Plusieurs endroits identifiés dans la langue Abénaki avant l'arrivée des européens, sites reliés directement à notre mythologie ou à nos ressources économiques, ont été ignorés selon notre occupation territoriale et selon notre juridiction originaire du gouvernement Abénaki.
CONCEPT ABÉNAKI DU PATRIMOINE CULTUREL ET SACRÉ
En tant que Nation autochtone, nous les Abénaki désirons promouvoir notre patrimoine dans un sens beaucoup plus large. L'usage de toponymes Abénaki est un des moyens qui nous permettra d'atteindre ce but. Pour la population Abénaki, le nom donné à chacun de nos sites sur notre territoire ancestral est tiré à même nos valeurs et nos croyances traditionnelles.
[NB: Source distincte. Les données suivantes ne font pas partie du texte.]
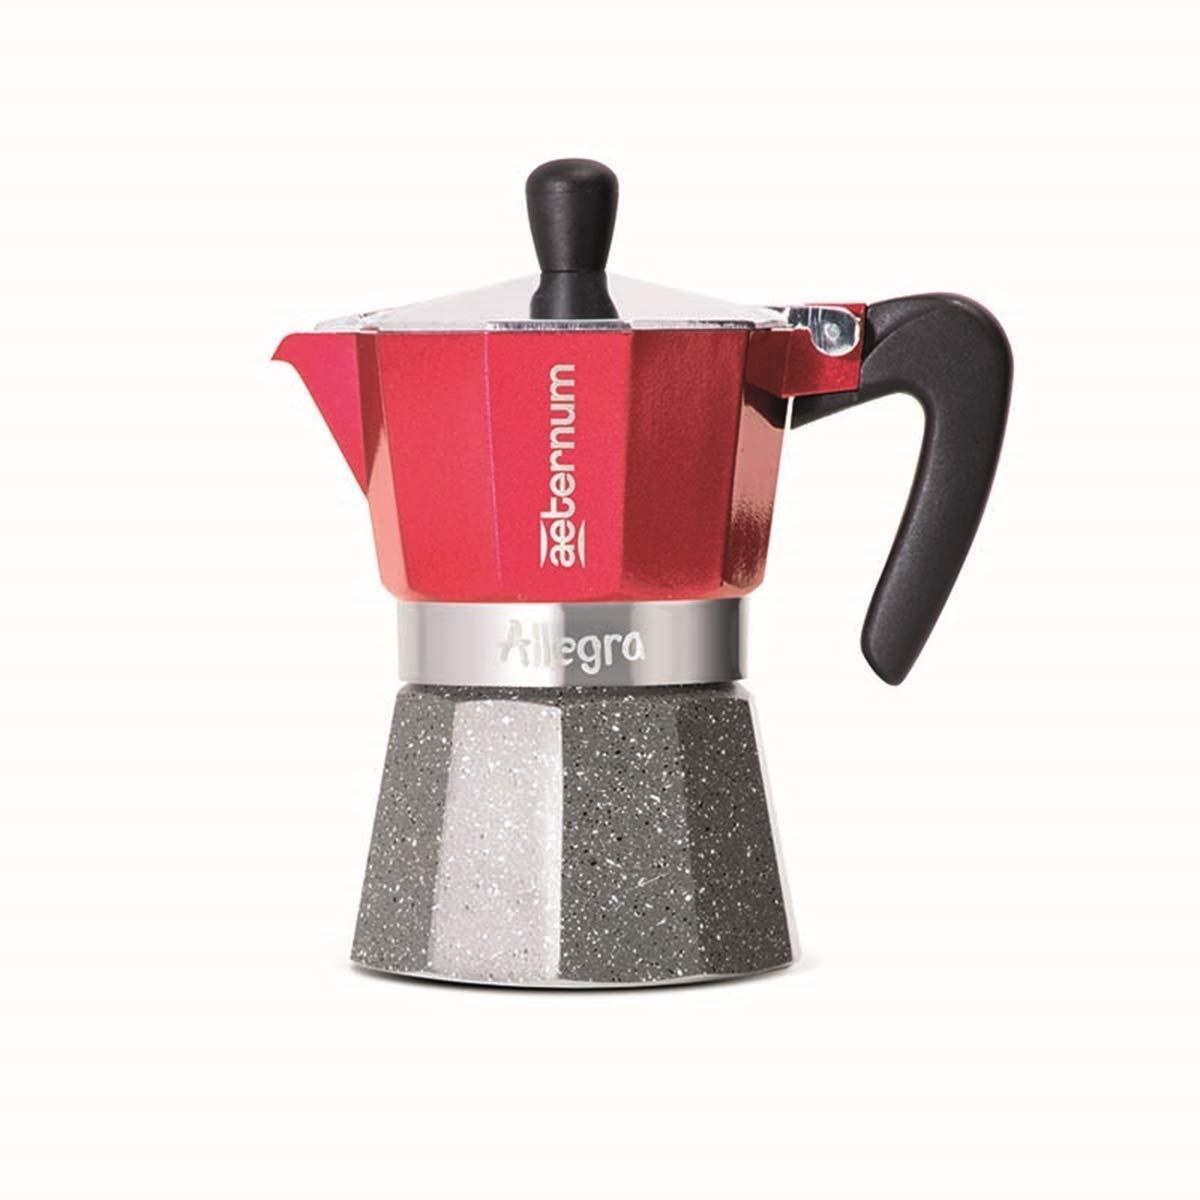 Bialetti Aeternum - Cafetera Italiana para 3 Tazas: Amazon.es: Hogar

Ces sites sont nommés d'après certains événements spéciaux et désignent des villages, postes de trocs, sentiers de portage, lac et rivières et aussi certains emplacements à caractère spirituel désignés à partir de notre mythologie.
A notre connaissance, les gouvernements n'ont pas encore mis en oeuvre de plan national ou provincial qui permettrait aux Premières Nations concernés, d'identifier les priorités de leur Nation en ce qui a trait au patrimoine culturel et sacré, archéologique et muséologique, par les Nations concernés.
IDENTIFICATION DES PRIORITÉS
La Nation des Abénaki s'intéresse à son patrimoine culturel et sacré sur le plan matériel et spirituel, archéologique et muséologique et désire participer directement à son épanouissement.
Lorsque les ministères fédéraux et provinciaux établissent leurs politiques de préservation du patrimoine culturel Abénaki, il est intéressant de noter qu'il y a trois groupes majeurs qui peuvent faire la demande d'un permis de fouille archéologique sur des bases d'intérêts et de priorités différentes à un concept Abénaki.
Premièrement il y a les archéologues qui sont à la poursuite de leur carrière académique à partir d'universités ou de ministères fédéraux et provinciaux. Ceux-ci reconstituent les sites à l'intérieur des limites de leurs connaissances sur l'archéologie et qui en principe et de façon technique essaient d'effectuer le travail de recherche sur les sites par une analyse détaillée de reconstitution. Bien souvent ce travail est accomplie par des étudiants en archéologie. Les priorités dans la plupart de ces cas sont dictés par des concepts strictement académiques, sans la supervision directe des Nations autochtones concernés dans un contexte spirituel.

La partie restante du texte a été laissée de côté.